My intrepid Mercatus Center colleague Veronique de Rugy is no fan of subsidies to farmers (or, for that matter, to anyone or anything else). A slice:

There’s something maddening about the belief that food production would be more abundant and efficient—and the results healthier and less expensive—with even more subsidies for relatively well-off farmers and agribusinesses. Indeed, there is lots of evidence that farm subsidies stifle innovation, make producers less competitive, reduce incentives to boost efficiency and consume less water and fewer pesticides, and shift the focus from farming crops to chasing subsidies. As a result, many farmers end up doing less with more, and people end up paying more for less.

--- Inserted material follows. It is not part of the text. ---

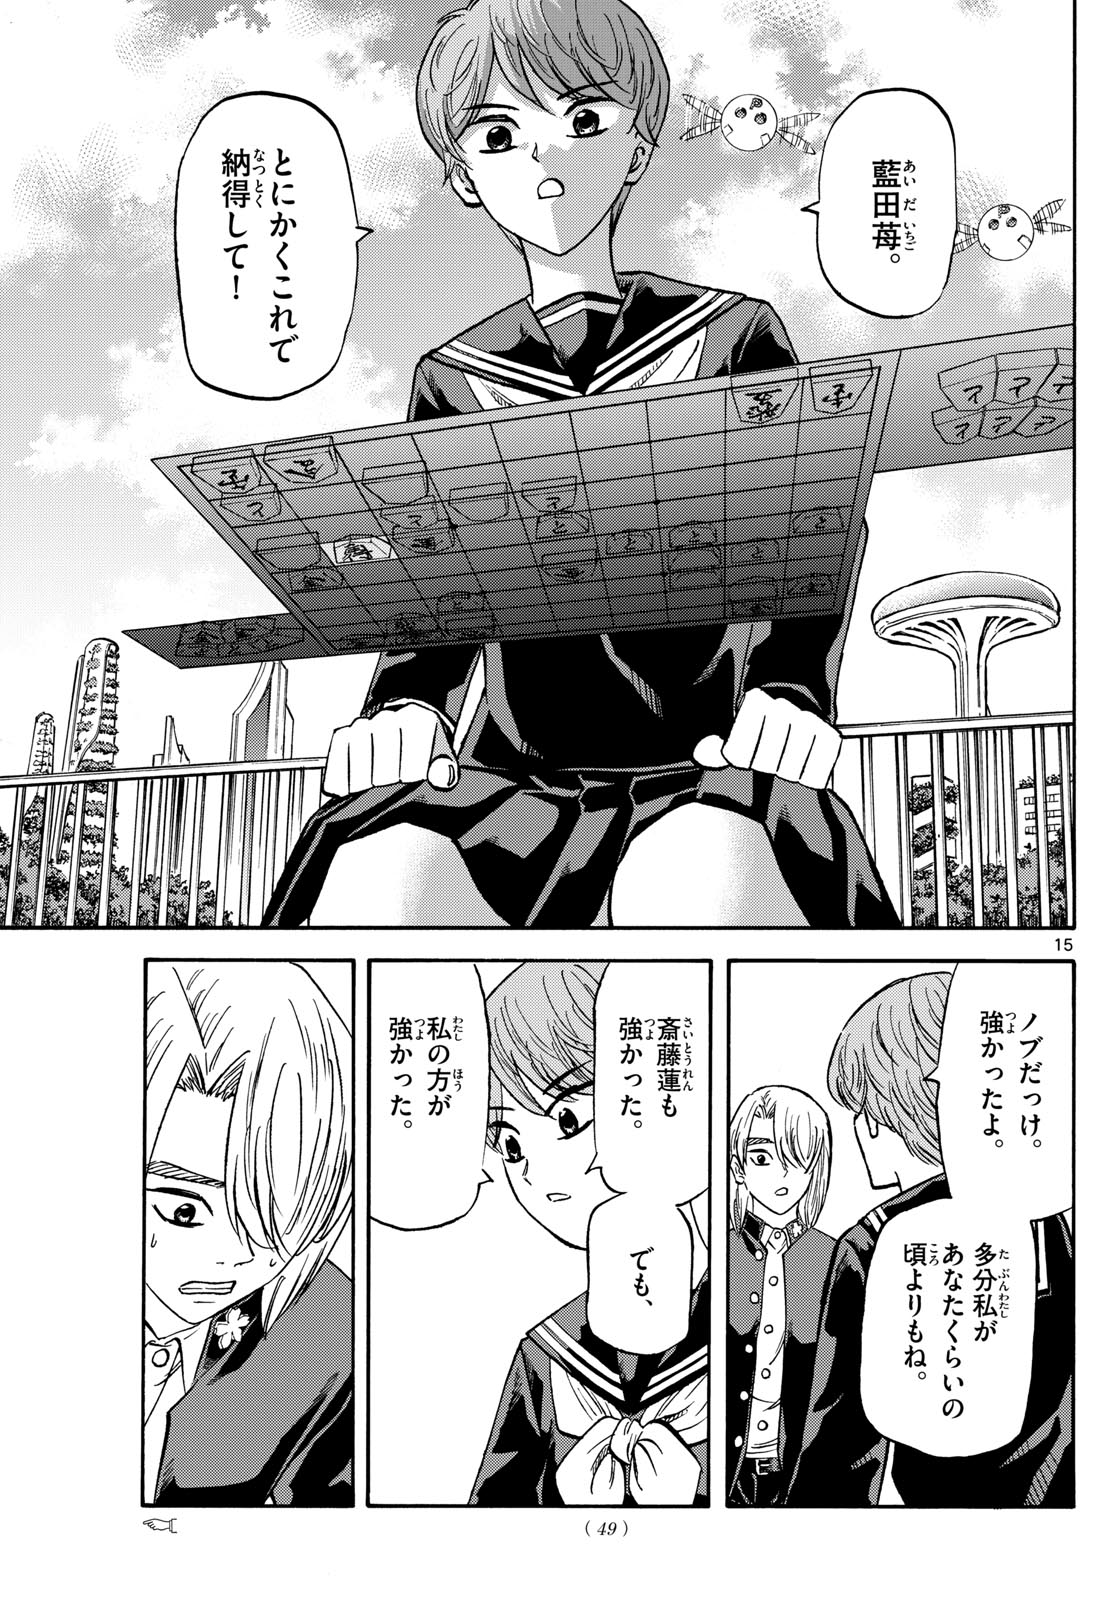 Tatsu to Ichigo - Chapter 187 - Page 15

Adding insult to injury, farm subsidies often lead to overproduction, which in theory should reduce the price of farm products and reduce farmers’ profits. That is, if the government did not appease this powerful lobby by buying its excess production. In other words, taxpayers pay for subsidies or loan guarantees, and then for the resulting production surplus, and then for storage.

Gary Galles reminds us of John Adams’s greatness.

I’m eager to read Empowering the New American Worker.

Arnold Kling reviews Michael Gibson’s Paper Belt on Fire.

The market is disciplining Facebook; no need for antitrust.

Noah Carl decries covidian “fact-checking” (so called) groupthink.